Obraz przestrzenny jądra komórkowego (ciemnoniebieskie), mitochondriów (czerwone) i aparatu Golgiego (szaroniebieski) i siateczki śródplazmatycznej (żółta)
Komputer sprzężony z mikroskopem z poszczególnych warstw układa obraz przestrzenny i w ten sposób możemy poznać kształt nie tylko komórek, ale i wszystkich ich składników oraz wzajemne położenie w przestrzeni – mówi prof. Bogdan Lewczuk.
To niejedyny sposób zbierania danych za pomocą nowoczesnego sprzętu.
– Druga metoda polega na krojeniu bloczka na skrawki seryjne, które są zbierane na taśmie, przypominającej taśmę magnetofonową. Skrawki te wycina ultramikrotom. Następnie, skrawki te są badane w mikroskopie z użyciem detekcji elektronów wstecznie rozproszonych – wyjaśnia dziekan WMW.
Jak zatem wygląda komórka?
Fot. Obraz przestrzenny komórki
Zupełnie nie przypomina kształtem komórki pszczelego plastra, jajka czy jakiejkolwiek regularnej bryły. Każda jest inna, wielokształtna, postrzępiona, niepodobna do niczego, a jeśli już – to do skręconej ścierki. Ani ładna, ani brzydka. Mikroskop dostarcza obrazy w odcieniach szarości. Na ekranie komputera widzimy jednak obrazy przestrzenne i animacje kolorowe. To efekt obróbki komputerowej, którą można wykonać ręczenie lub z użyciem sztucznej inteligencji.
Nauczenie się nowej metody zajęło naukowcom UWM ponad rok. Korzystali także z pomocy ośrodków zagranicznych. Obecnie mają już wyniki badań do kilku pierwszych publikacji. Część wyników przedstawili podczas pierwszej dużej konferencji poświęconej objętościowej mikroskopii elektronowej, która odbyła się w lipcu br. w USA.
Co poszło na pierwszy ogień badań?
– Szyszynka – główny obiekt moich zainteresowań naukowych. Jej struktura jest bardzo skomplikowana przestrzennie. Uzyskane wyniki są niesamowite i już zmieniają nasze wyobrażenie o wielu aspektach budowy tego narządu. W kolejce czekają badania siatkówki i zmienionej chorobowo wątroby - mówi prof. Lewczuk.
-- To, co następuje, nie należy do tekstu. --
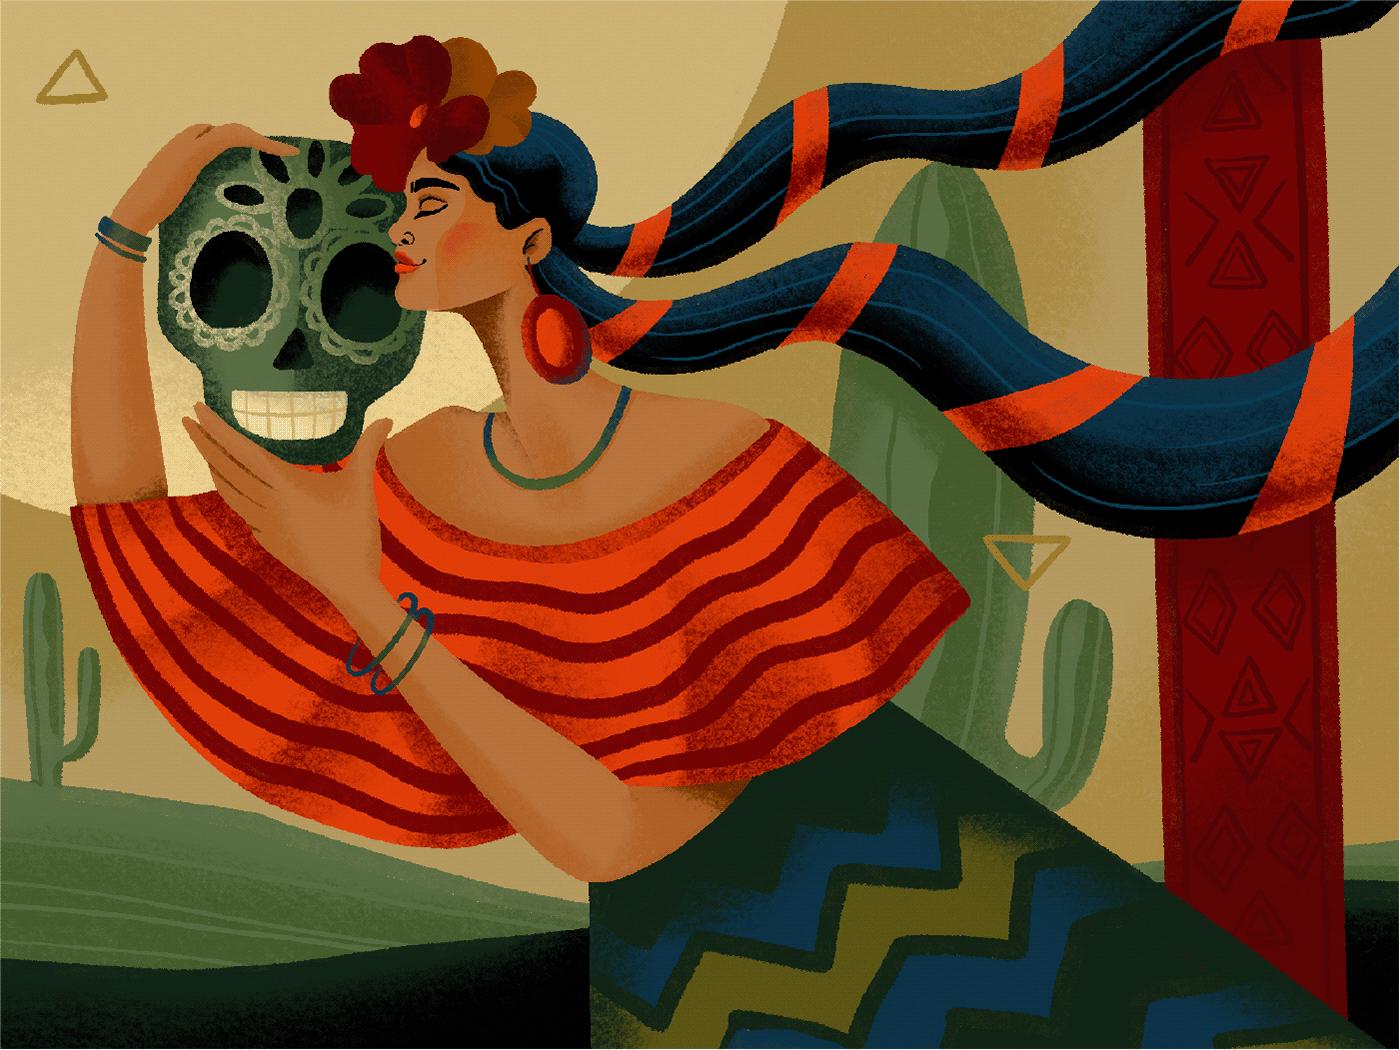 artwork costume countries digital illustration Diversity Ethnic nationality people women world

Drzwi pracowni otwarte dla badaczy
Dziekan Wydziału Medycyny Weterynaryjnej podkreśla, że pracowania jest otwarta dla innych naukowców. – Czekamy na ciekawe tematy badawcze. Spodziewamy się, że pracy nie zabraknie. Nasze obrazy mogą być również atrakcyjnym obiektem badań dla osób zajmujących się przetwarzaniem i analizą z użyciem sztucznej inteligencji.
Fot. Fragment tkanki o wymiarach 75 x 75 x 15 mikrometrów zobrazowanej z użyciem detekcji elektronów wstecznie rozproszonych
Wyposażenie pracowni daje również inne możliwości niż obrazowanie 3D. Umożliwia także obrazowanie ultrastruktury bardzo dużych skrawków, nawet o wymiarach 2 na 2 mm, które dla klasycznej mikroskopii elektronowej są jak boisko piłkarskie. Pozwala również na obrazowanie tego samego skrawka w mikroskopie fluorescencyjnym i elektronowym, czyli tzw. mikroskopię korelacyjną.